Уважаемая редакция!
Наверное, это беда и вина моего сильно послевоенного поколения: мы мало интересовались, каково пришлось нашим дедам в самой страшной войне ХХ столетия. А они, ветераны, не спешили рассказывать о том, как все было. Мол, миллионы прошли через бои, и я, как все.

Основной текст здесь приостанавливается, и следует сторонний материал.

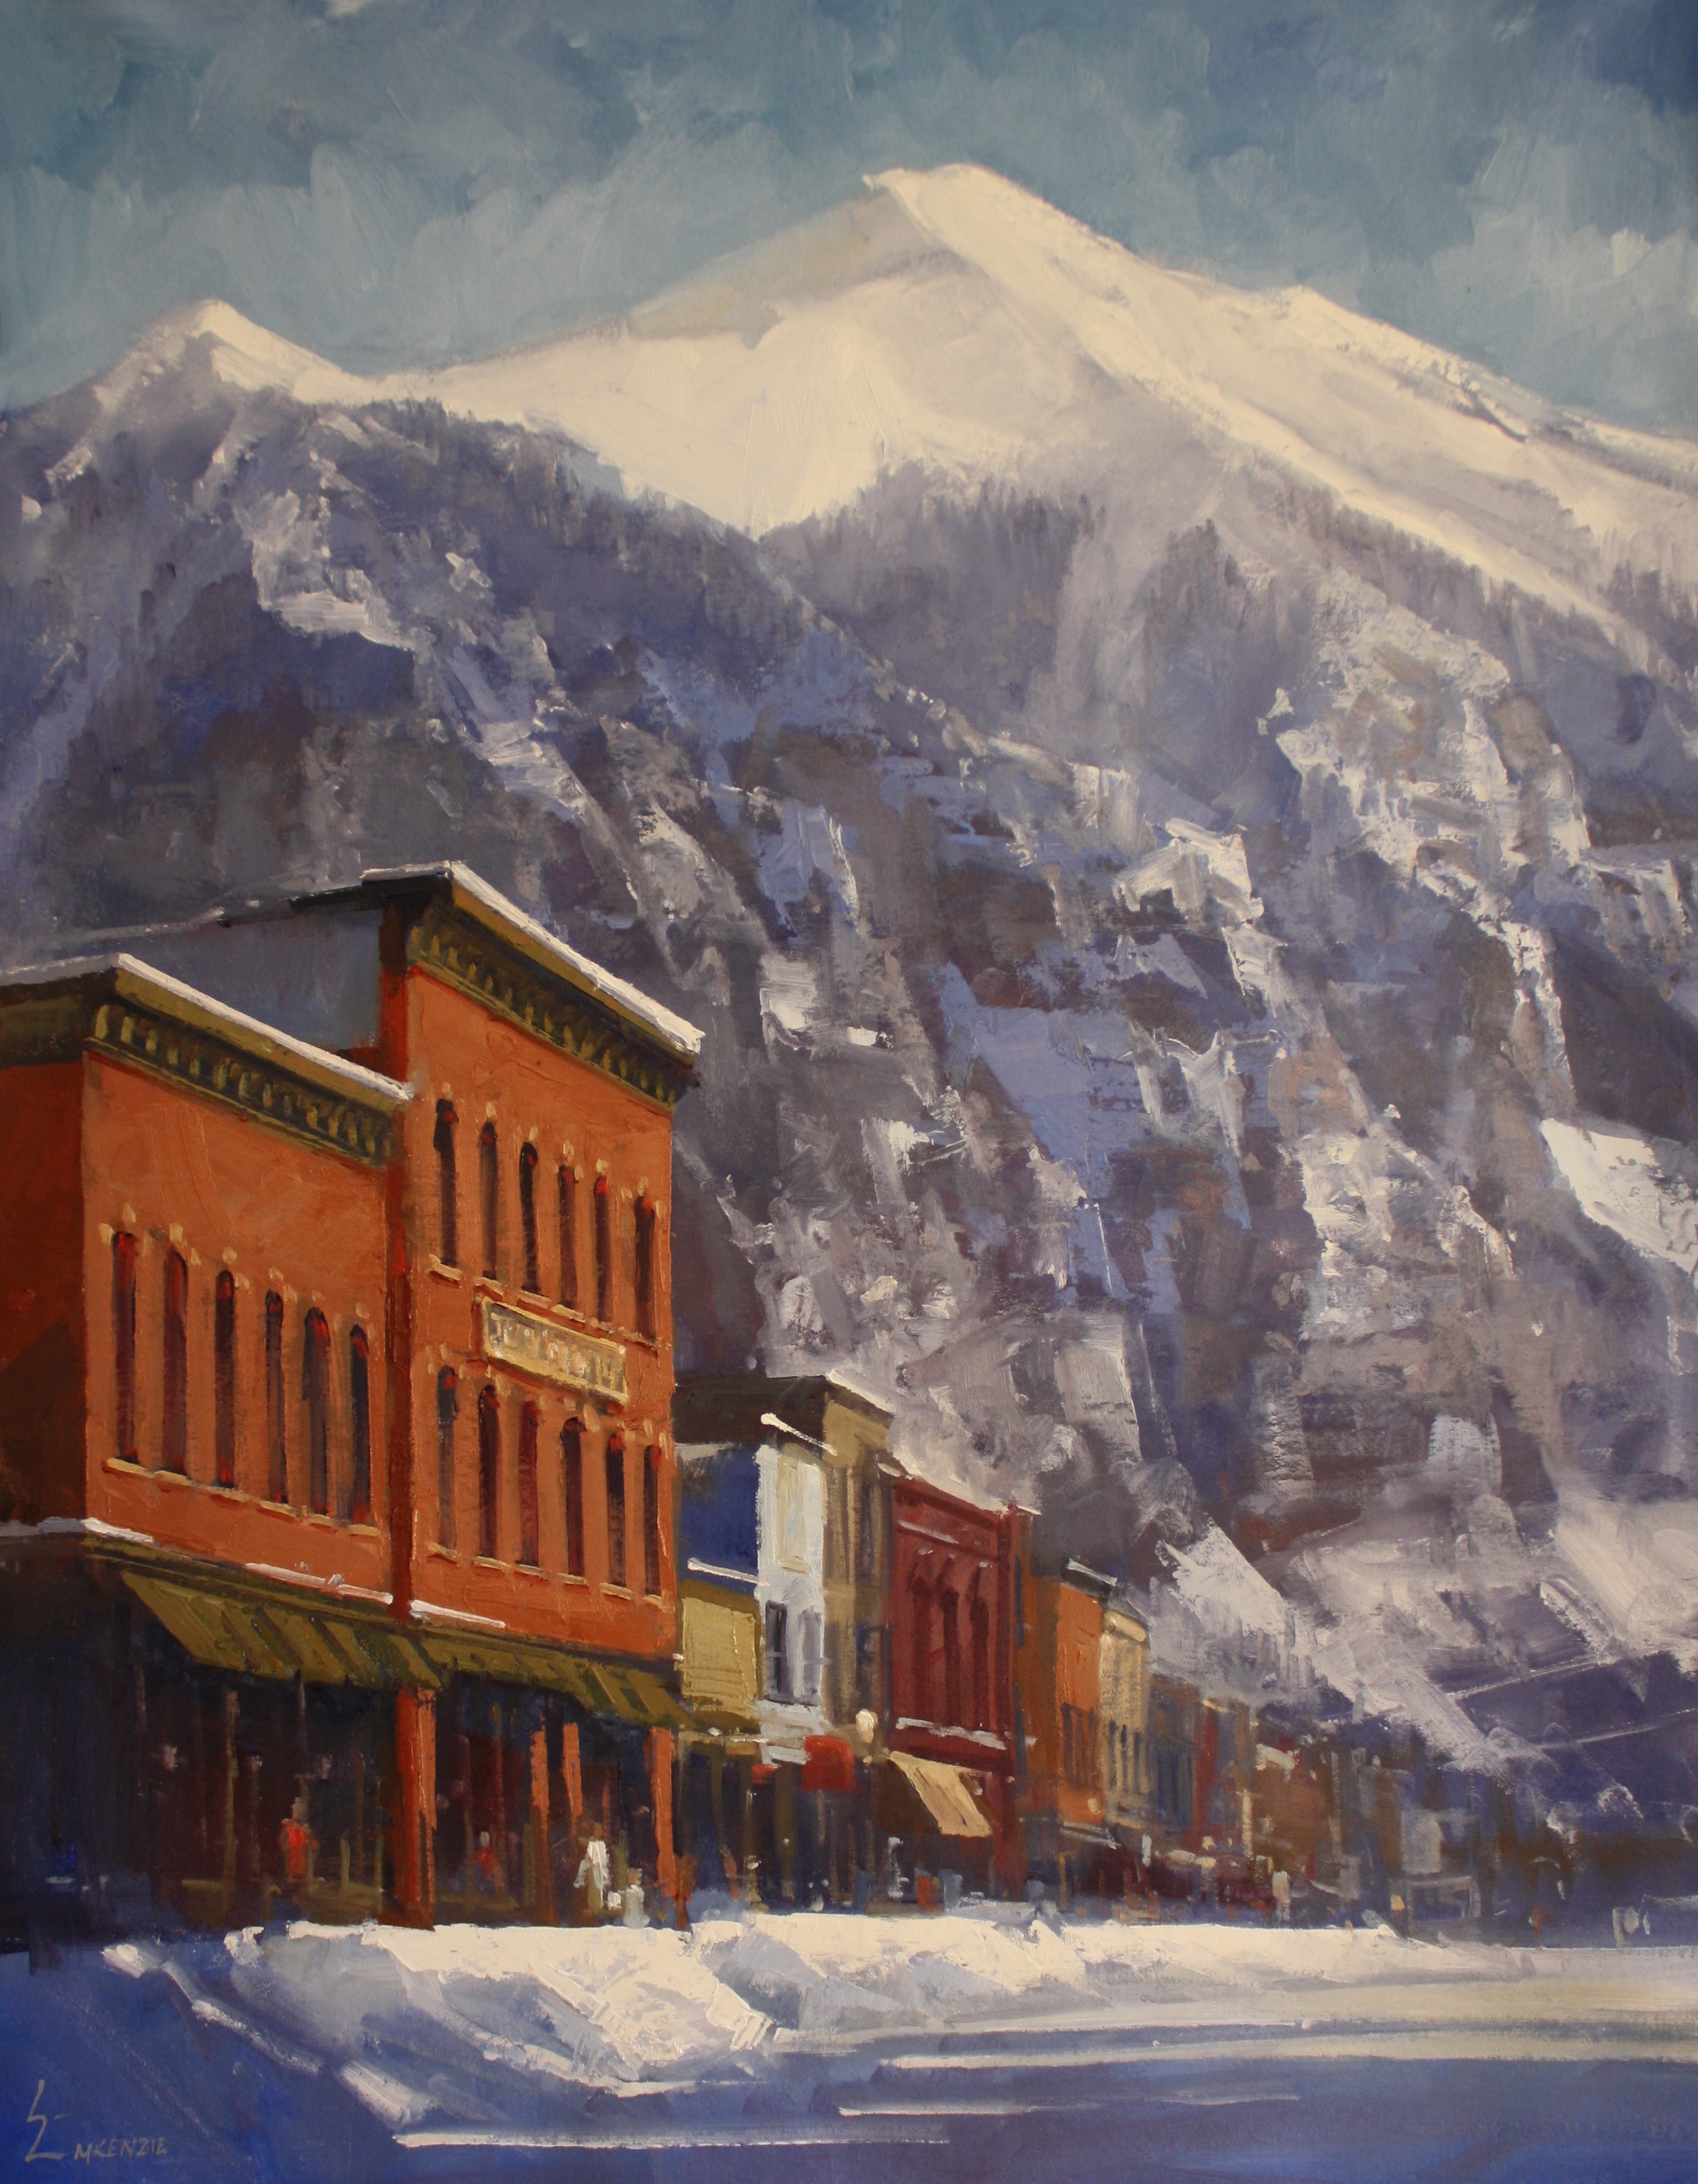  "Colorado Avenue in Winter" 30x40, $5000.

С возрастом поняла — не совсем как все. Войну мой дед Ваган Согомонович Мкртчян, уроженец армянского села Гусанагюх, встретил уже повоевавшим капитаном Красной армии, награжденным орденом Красной Звезды за финскую кампанию. За годы Великой Отечественной он будет еще дважды удостоен ордена Красной Звезды, а еще орденами Боевого Красного Знамени, "Отечественной войны" 1-й и 2-й степени, медалями. За каждой наградой — страшные военные будни. А в них окружение, ранение в голову осколком снаряда и выход из окружения летом и осенью 1941 года, госпиталь, операция, потом снова фронт и передовая — с тяжелейшего 1942-го до победного 1945-го. Из всех своих наград мой дед особо ценил медали "За оборону Кавказа" и "За освобождение Праги". О пражских боях в канун 35-летия Победы он даже заметку написал, которую напечатала тбилисская газета, как и вся страна отмечавшая тогда общий праздник. Заметка называлась "Этих дней не забыть!", и вот что писал дед: "...Какой из 1418 дней моего участия в минувшей войне в рядах Советской Армии назвать самым памятным,— задача нелегкая. Все как сегодня стоит перед глазами. Этот калейдоскоп событий, чередуясь в памяти, вызывает в сердце то пережитую горечь отступления, то радость былых боевых успехов, то скорбь по погибшим товарищам, то гордость за беззаветную верность нашего народа идеалам свободы..."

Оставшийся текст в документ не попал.